Learn how to design or adapt a semi-fitted sleeve.
Credit: Blocks devised by Kathleen Kinder.
Measurements for a semi-fitted sleeve
For an accurate individual fit it is important to take exact measurements for the points shown and use those to calculate the rows and stitches.
Key to measurements
- EE Shoulder ball to shoulder ball
- E to line BZB Depth of armhole
- JRRJ sleeve head fits comfortable into whole of armhole BRERB
- JEJ widest part of sleeve
- RB=RJ measurement of the diagonal
Variation on the dropped shoulder line block
The diagram shows the outline of the original dropped shoulder line block by a dotted black line. You can work out the shaping for the semi-fitted sleeve as follows:
- Draw a pencil sketch of the back/front and sleeve in a notebook and add essential measurements.

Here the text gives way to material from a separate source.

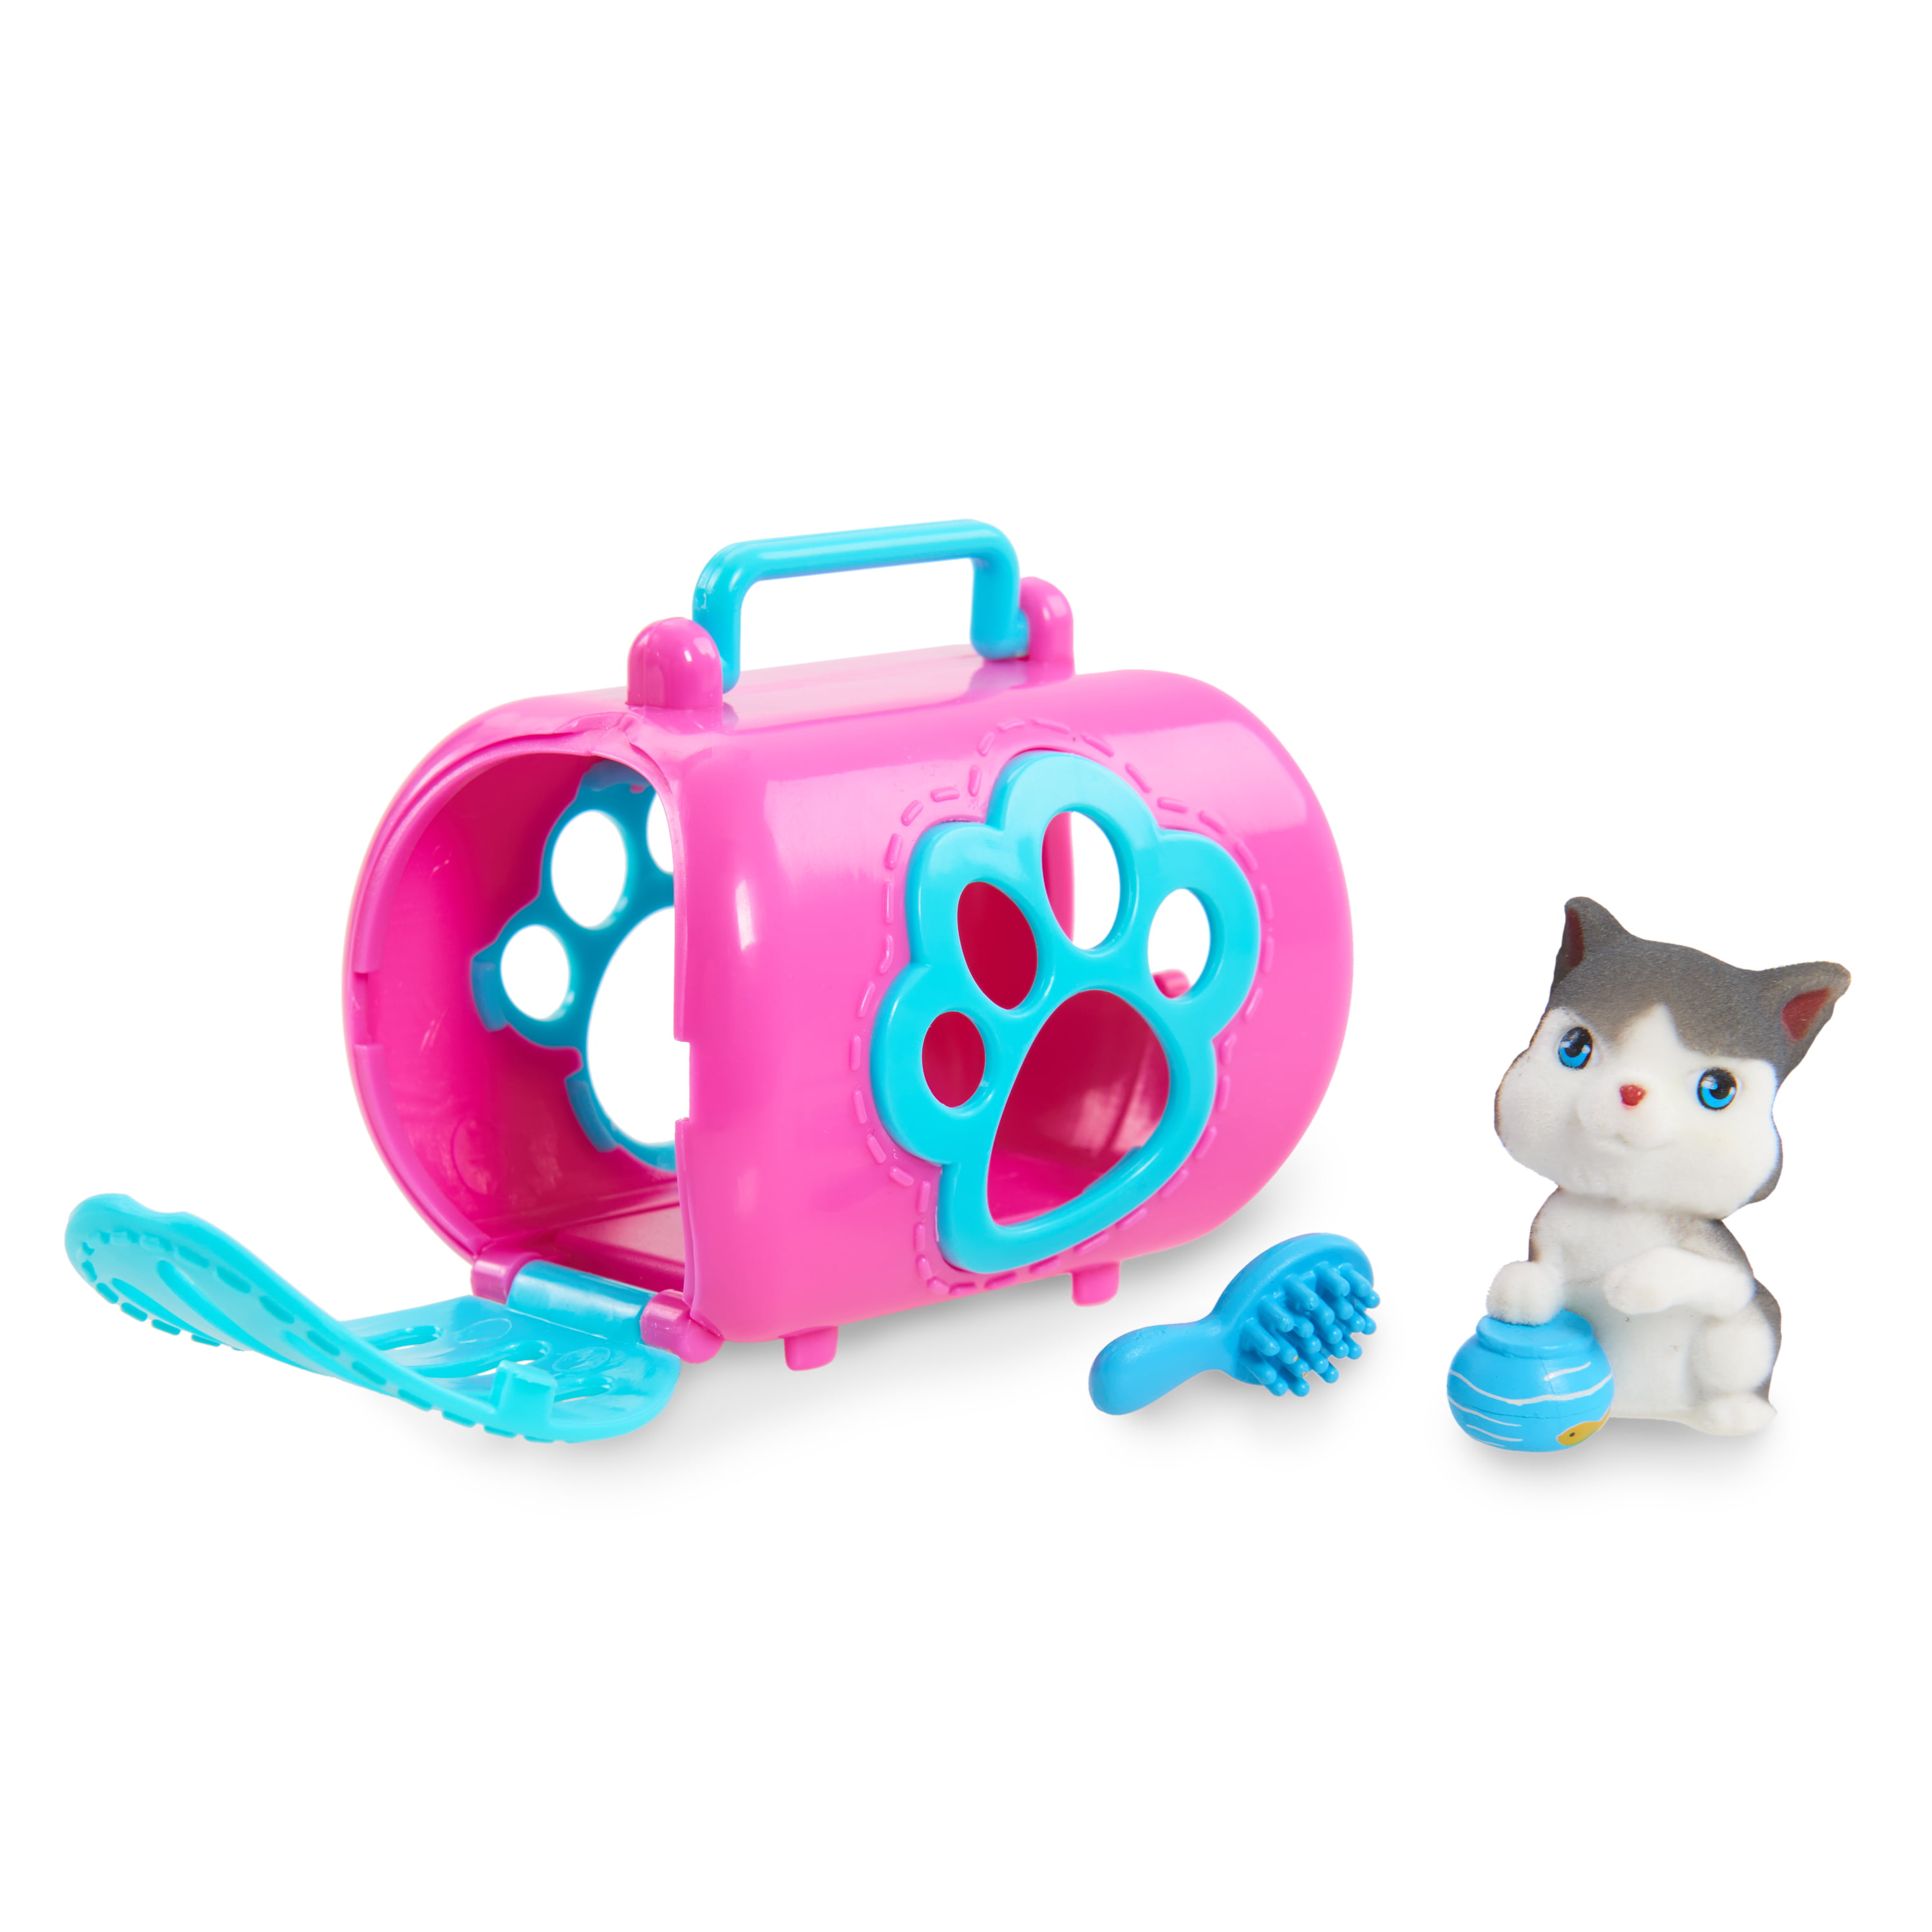 kitten carrier toy

- Subtract the shoulder ball to shoulder ball measurement EE from BB (½ total body width including ease)
- Divide your answer by 2 so you get the measurement for each armhole/sleeve top. That answer is the cut out between the vertical lines running from E and B but the cut out is shaped within the depth of the armhold or sleeve top. ERB shows the perimeter line.
- Looking at the diagrams, visualize matching J on the sleeve to B on the body and then rotate the sleeve by 90° anticlockwise. You will see that the sleeve fits into the body neatly at R.
- The raglan diagonal can be between 1/3 and 2/5 depth of armhole. If needs be, draw the full scale sleeve head and armhole cut out on paper to ensure the measurements are correct.
- Calculate the rows and stitches using your tension swatch.
- Note that in knitting, the diagonals will form curves.